I was *hoping*  that would be true, but, as I posted (yes, reread it, please), that has NOT been the case. 

If you had read my posts, and got an accurate impression of me, instead of turning me into an effigy of an a** you apparently knew in your past, and wish to beat on, you would not be attacking me.

Go ahead an say bad things about men who abuse women, OK, that's cool.  But I am not one of them. Got it? Sorry to disappoint you. 

I actually think you owe me an apology.


----------



## RandomName (Sep 28, 2022)

bowmore said:


> Well. I was 68 when I first met my wife, after we were both widowed. We were married in Santorini Greece in 2007 and been together ever since.
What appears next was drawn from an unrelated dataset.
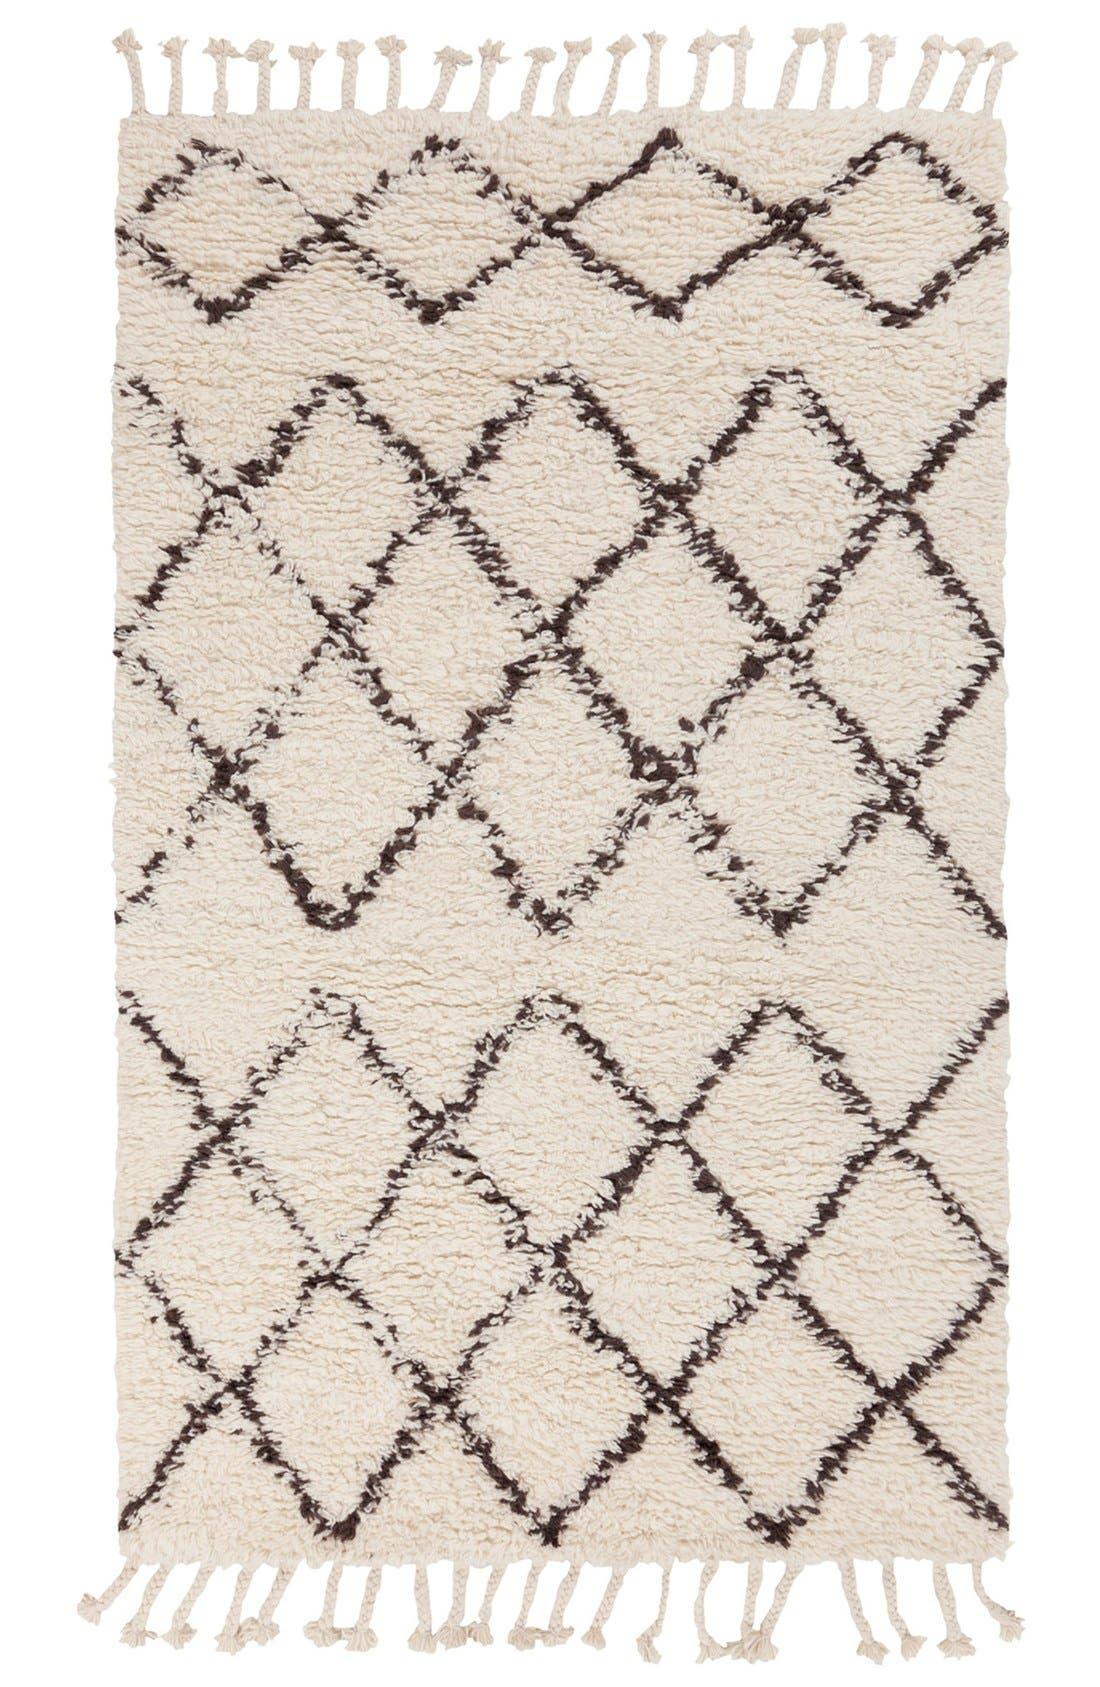 Alternate Image 1 Selected - Surya Home 'Sherpa - Lines' Wool Rug

Bowmore, that's beautiful! Congratulations.


----------



## Blessed (Sep 28, 2022)

I will get back to you @RandomName.  Just so you know, I am a widow that married a boy she started to date at 15.  Engaged at 18, married at 20 and with him until the day he died.  There is no one that has hurt me and I am not taking anything out on you.  I guess I have a different outlook on life because of that.


----------



## Blessed (Sep 28, 2022)

Bella said:


> I'm smart enough to realize that there's nothing I can say that will change the way he thinks or feels about the way he approaches what he desires. His desires are one thing, but whether he can achieve them is questionable. He knows that. He lives in a world of his own design, just as you and I do. I don't need to re-read anything. I just don't see him the way you do, and I'm also smart enough to know that there's nothing I can say that will change your perspective on that. You've been crystal clear. There's nothing wrong with expressing your opinion, but despite how you see him, he shouldn't be so vehemently attacked.
> 
> Bella


Just  the way I see it...


----------



## Leann (Sep 28, 2022)

I've been divorced for at least a dozen years now (we separated for a few years before the divorce so don't recall the exact date when we officially called it quits). I wanted to fill the emotional void but didn't date for a while until I felt ready to meet someone. I made it crystal clear with every man I met that I was NEVER getting married again. Despite that, I've had four men propose to me...James, Michael, David and a second Michael. All except David were financially stable. David was a disaster in so many ways that I should start a separate thread about him.

I was not and am not looking for a sugar Daddy or a player. James was a classic player, thought he was God's gift to women. I have no contact with him. Michael #1 is a super nice person but lives firmly in the past and procrastinates to the point that it severely impacts his life. He and I text once in a while just to say hello. David is a long story as I said ... isn't at peace with growing older, has a history of women paying his way and is addicted to cigarettes, alcohol and weed (and by addicted, I mean all day, everyday). I have zero contact with him. Michael #2 is very nice but is wary of women (financially burned after his divorce). He and I talk on the phone occasionally.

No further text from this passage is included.